Die "Studie zu Problemen von Künstlern und Künstlerinnen in der sozialen Absicherung" bietet sowohl in dem vom Kulturrat Österreich herausgegebenen sozialwissenschaftlichen als auch in dem vom Österreichischen Gewerkschaftsbund verlegten juristischen Teil einen detaillierten Überblick über auftretende Problemfälle. Die aufgeführten Kritikpunkte werden in dem von der Arbeiterkammer Wien in Auftrag gegebenen Studienprojekt auch mithilfe von konkreten Anlassfällen veranschaulicht.

So zeigt die sozialwissenschaftlichen Studie von Clemens Christl und Markus Griesser die teils massiven Probleme von Kunst- und Kulturschaffenden auf: Als einer der wesentlichen Punkte, in denen die Studienautoren Handlungsbedarf sehen, wird die Problematik in Hinblick auf den Zugang zu Leistungen aus der Arbeitslosenversicherung genannt. Künstlerisch tätige Personen, die oftmals sowohl unselbstständig als auch selbstständig tätig sind, erfahren demnach oft Benachteiligungen. So würden sich beispielsweise (auch) selbstständig tätige Künstler um Ansprüche aus der Arbeitslosenversicherung bringen, wenn ihr Einkommen über der Jahresgeringfügigkeitsgrenze liegt - dann kommt es nämlich automatisch zu einer Pflichtversicherung in der SVA, die sich nicht auf den Zeitraum der Tätigkeit, sondern auf das Kalenderjahr bezieht, was wiederum einen Anspruch auf Arbeitslosengeld unmöglich macht und oftmals im Nachhinein zu Rückforderungen seitens des AMS führt.

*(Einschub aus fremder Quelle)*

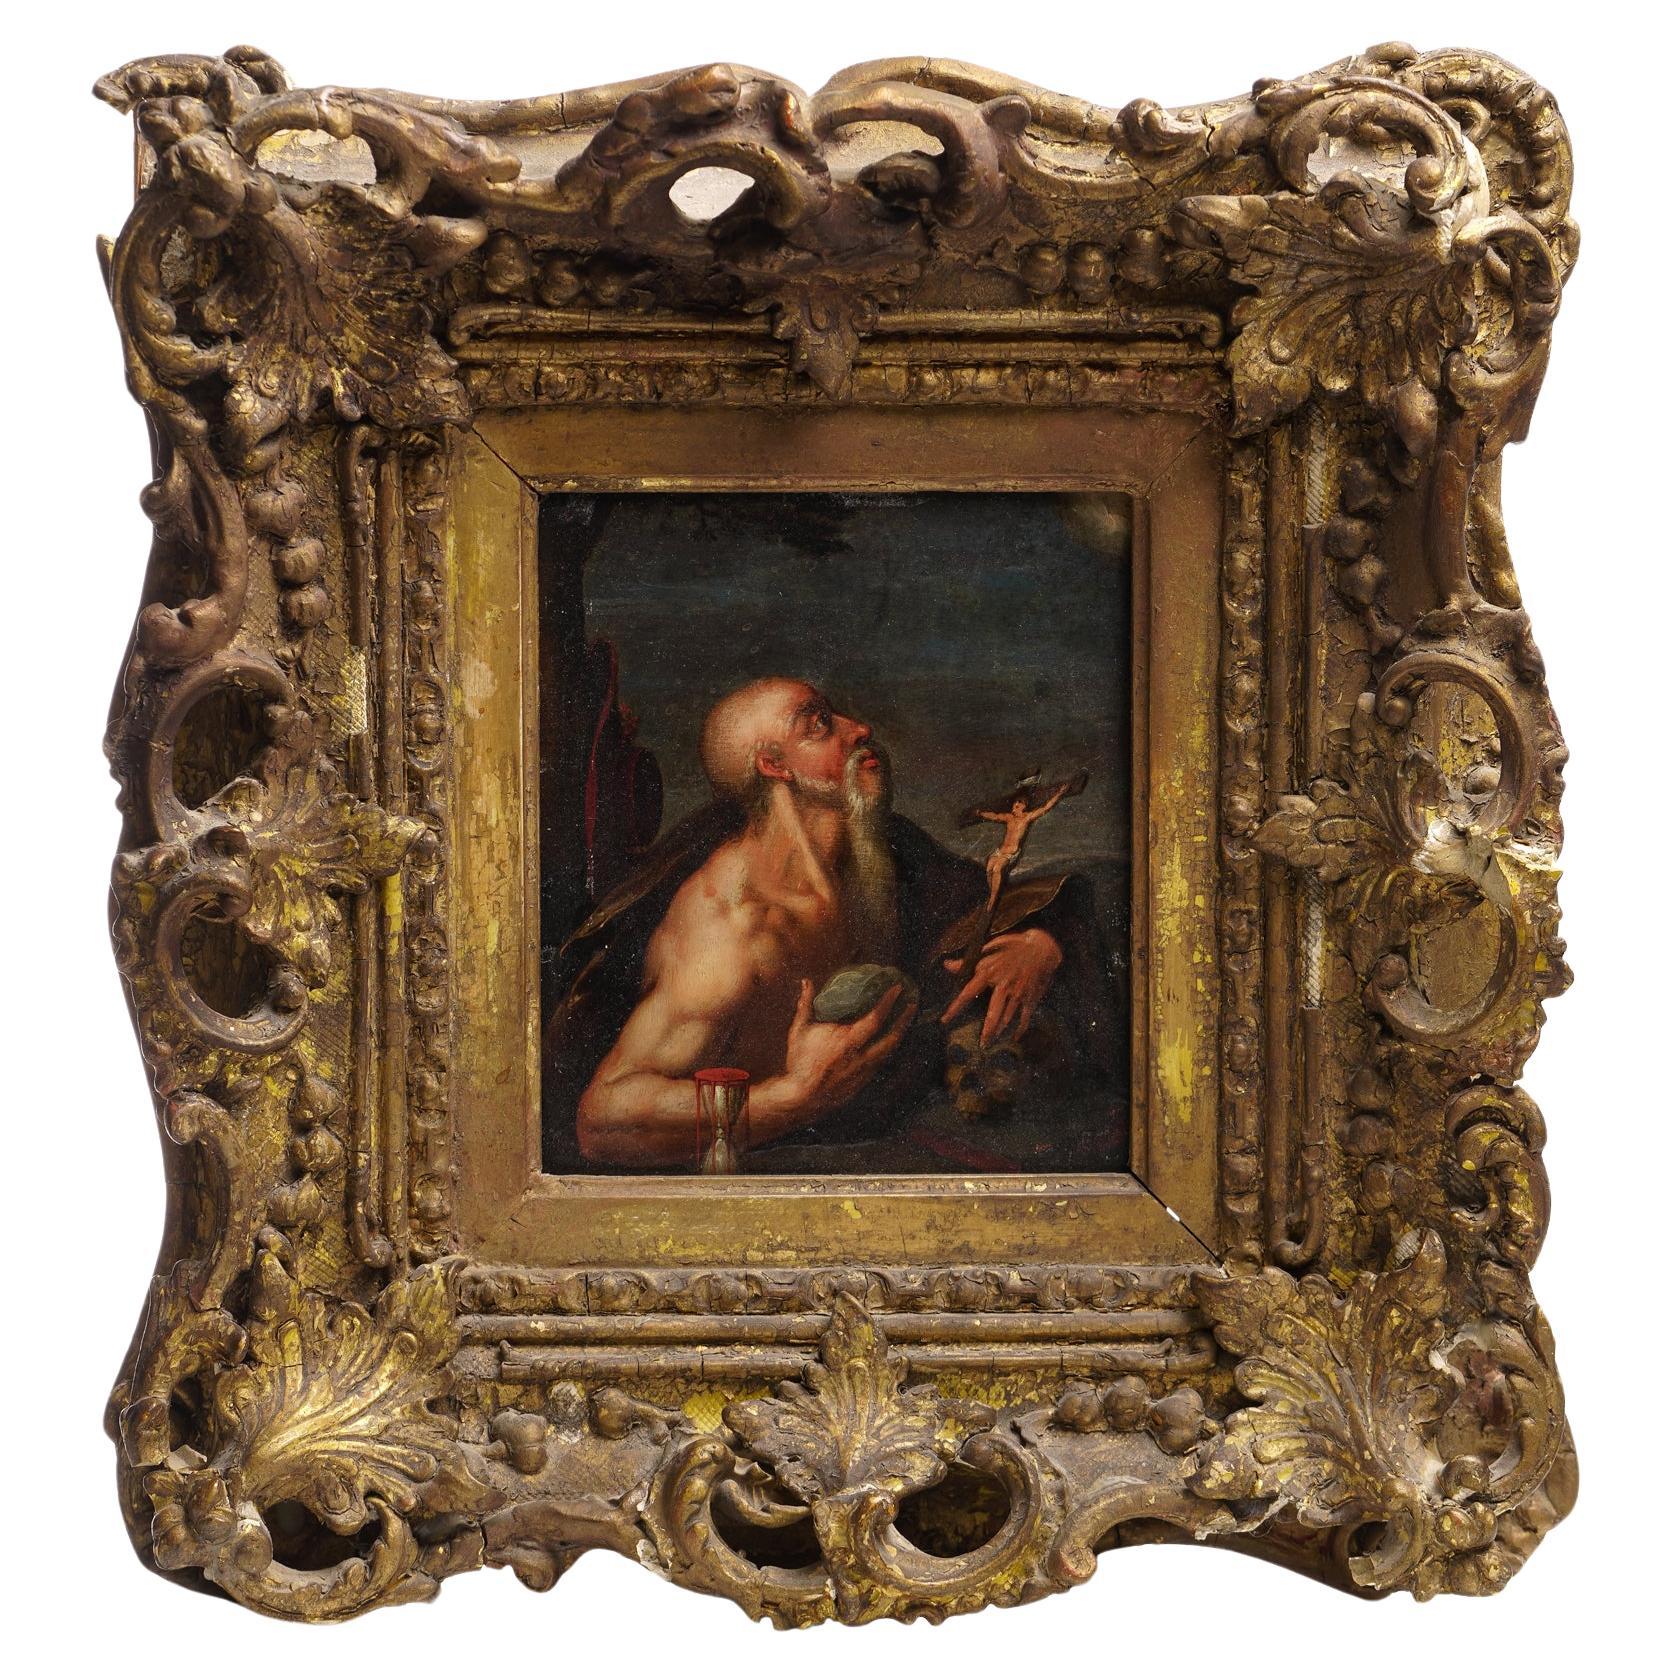 Portrait à l'huile sur cuivre du 17e siècle - Saint Jérôme

Die als Lösungsversuch gedachte Einführung der "Ruhendmeldung" der Selbstständigkeit - die sich allerdings nur auf künstlerische Tätigkeiten bezieht - habe sich als flankierendes Problem entpuppt, wie es heißt. Laut den für die Studie interviewten Interessensvertretern habe die Lösung zu folgendem Problem geführt: Wird in diesem Zeitraum eine andere selbstständige (auch kunstnahe) Tätigkeit (etwa Vorträge oder Lehrtätigkeit) ausgeübt, ist die Möglichkeit zur Ruhendmeldung hinfällig. Als mögliche Lösungsansätze nennen die Studienautoren hier etwa die Ausdehnung der Option auf alle selbstständigen Tätigkeiten, da zahlreiche Künstler nebenbei Jobs annehmen, die nicht als künstlerisch gewertet werden.

Als weiteres Problemfeld werden die oft kurzzeitigen Anstellungsverhältnisse in einigen Kunstsparten genannt. So seien zwar Beiträge zur Arbeitslosenversicherung zu leisten, aufgrund beschäftigungsbezogener Diskontinuitäten würden jedoch kaum die erforderlichen Anwartschaftszeiten erreicht. Als Anspruchsvoraussetzung gelten hier 52 Versicherungswochen in den letzten 24 Monaten vor Antragstellung. Hier schlagen die Studienautoren Maßnahmen wie reduzierte Beiträge, verkürzte Anwartschaftsfristen sowie erweiterte Rahmenfristen vor.

Kritik übt die Studie auch im Bereich der Künstlersozialversicherung, konkret geht es um das "Bestehen oder Nicht-Bestehen der KünstlerInneneigenschaft", das "mit allen Konsequenzen von der Kommission" abhänge. Ausschlaggebend für die Aufnahme sei - neben den finanziellen Rahmenbedingungen - ein "Kriterienkatalog", der jedoch nicht öffentlich einsehbar sei. "Für Kunstschaffende besteht eine ständige Ungewissheit hinsichtlich der Frage, ob sie Beitragszuschüsse erwarten dürfen oder nicht", heißt es. So sehen es die Studienautoren des juristischen Teils (Barbara Trost, Birgit Waldhör und Tanja Iljkic) als "dringend erforderlich", diese Kriterien auch im Gesetz ausdrücklich zu regeln. "Eine solche Regelung müsste so umfassend, vollständig und unmissverständlich sein, dass sich 'geheime Kriterienkataloge' künftig erübrigen."

Im Regierungsprogramm war das Thema der sozialen Lage der Künstler nicht vorgekommen. Der Kulturrat Österreich sieht die nun vorliegenden Ergebnisse als Arbeitsgrundlage für künftige Gespräche mit der Regierung: "Die Ergebnisse der Studien untermauern viele Forderungen des Kulturrat Österreich und stellen unsere Arbeit in einen größeren arbeits- und sozialrechtlichen Kontext. Sie enthalten wertvolle Referenzpunkte und werden uns als fundierte Quelle für unsere nächsten politischen Schritte der Interessenvertretungsarbeit zur Verbesserung der sozialen Absicherung von - nicht nur! - Kunstschaffenden in Österreich dienen."